Complex Mechanical Ventilation might be required in cases involving severe acute respiratory distress syndrome (ARDS), post-operative complications, trauma-related injuries, or other complex pulmonary disorders that necessitate customized ventilatory approaches beyond conventional methods.

Prone ventilation involves positioning critically ill patients facing downward (on their stomach) instead of the traditional supine position during mechanical ventilation.

Prone ventilation has been shown to improve oxygenation and reduce mortality rates in patients with moderate-to-severe ARDS by redistributing lung perfusion and improving gas exchange.

ARDS is a severe lung condition characterized by rapid onset of respiratory failure, resulting from various causes such as pneumonia, sepsis, or trauma. It is associated with widespread inflammation and damage to the lung tissue.

The management of ARDS typically involves providing mechanical ventilation with low tidal volumes (lung-protective ventilation), maintaining fluid balance, addressing underlying causes or infections, and potentially utilizing adjunctive therapies like prone positioning or extracorporeal membrane oxygenation (ECMO) in refractory cases.
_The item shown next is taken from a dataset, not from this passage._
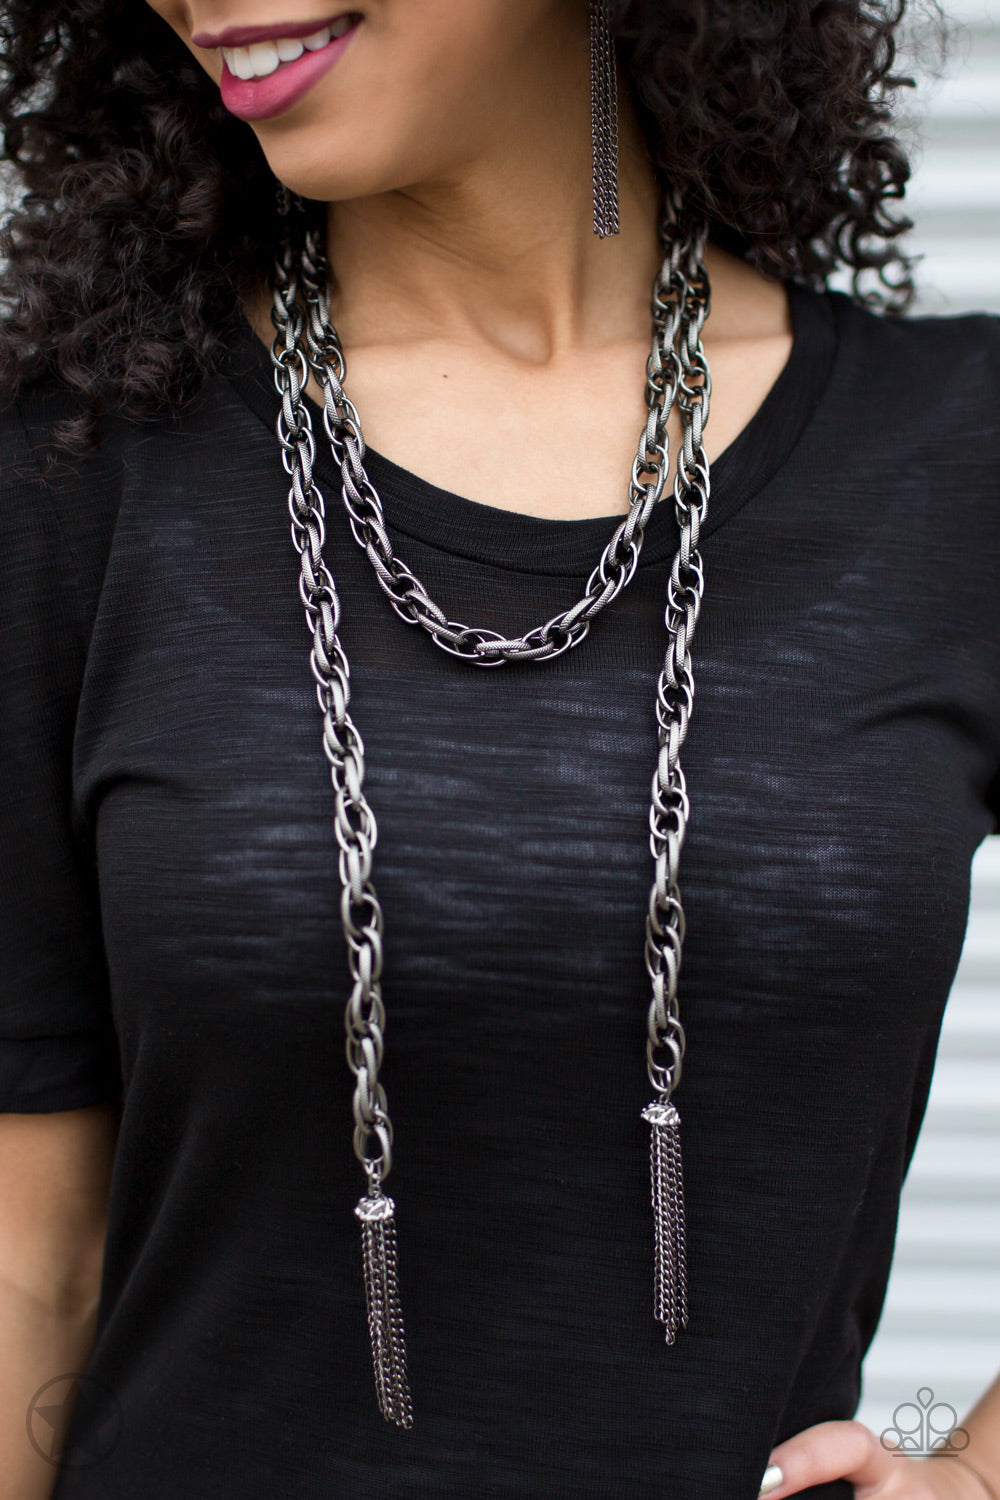 SCARFed for Attention - Gunmetal Scarf Necklace - Paparazzi Accessories - A single strand of spiraling, interlocking links with light-catching texture is anchored by two tassels of chain that add dramatic length to the piece. Undeniably the most versatile piece in Paparazzi's history, the scarf necklace features FIVE different ways to accessorize.

The complications of pneumonia are difficulty breathing, lung abscess, accumulation of fluid around the lungs, bacteria in the blood, sepsis, acute respiratory distress syndrome, and respiratory failure.

Some causes of respiratory failure are pneumonia, pulmonary edema, chronic obstructive pulmonary disease, asthma, pulmonary embolism, pulmonary fibrosis, pneumothorax, cyanotic congenital heart disease, acute respiratory distress syndrome, bronchiectasis, and HIV-induced respiratory illness.